While medical marijuana interest groups are, of course, aware of the push for broader decriminalization and legalization, they generally concentrate on the therapeutic sliver of the marijuana debate. The focus is on better regulation, which they hope will convince skeptics that a system like Colorado’s can work. “We are in favor of strict regulation,” says RiverRock’s Arbelaez, “because that is the only way to show legitimacy.”
“Cannabis doesn’t need to be fully legalized to legitimize itself,” says Michael Elliott of the Medical Marijuana Industry Group, which represents about 50 Colorado dispensaries. “It’s not a stepping stone for patients. This is a medicine.”

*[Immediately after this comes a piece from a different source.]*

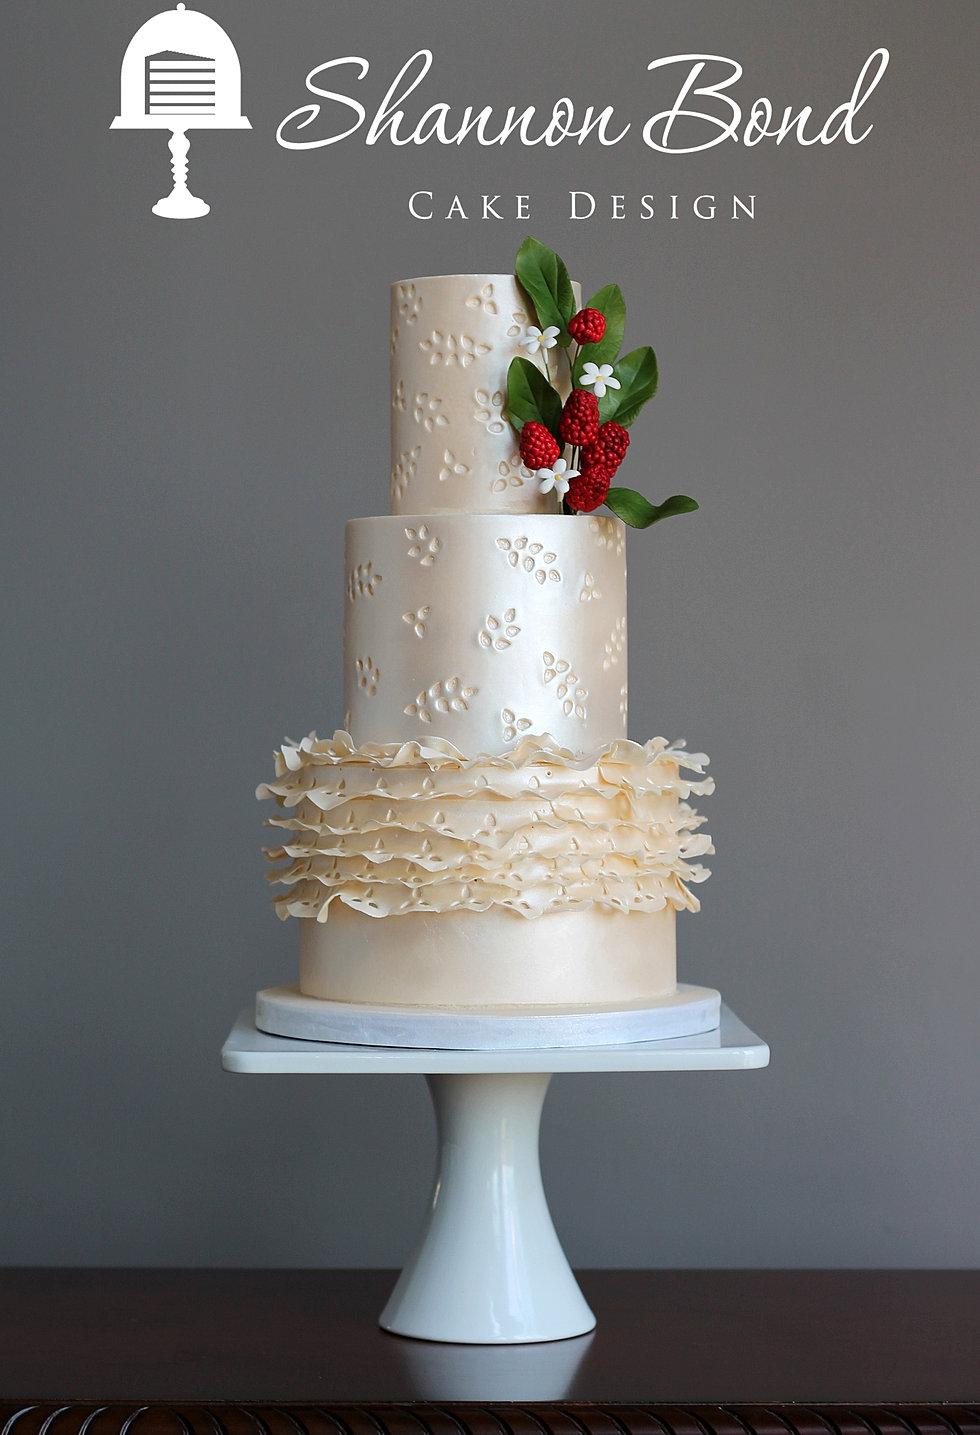 shannon bond cake design kansas city wedding and custom cakes wedding cakes. Black Bedroom Furniture Sets. Home Design Ideas

That medicine is now fueling hundreds of tightly controlled, multimillion-dollar businesses just like RiverRock. At Arbelaez’s operation, the feeling is a blend of upstart commerce and the communal kumbayah of cannabis culture. His greenhouses churn out marijuana with industrial efficiency, and Arbelaez and his partners have invested hundreds of thousands of dollars in their business. (He declines to say exactly how much.) But as he walks among the patients in the front retail room, shaking hands and greeting them by name, it’s clear that he’s familiar with their individual stories and how they came to use marijuana for therapy. “It all goes back to the medicine for us,” he says. “We think of ourselves as social entrepreneurs.”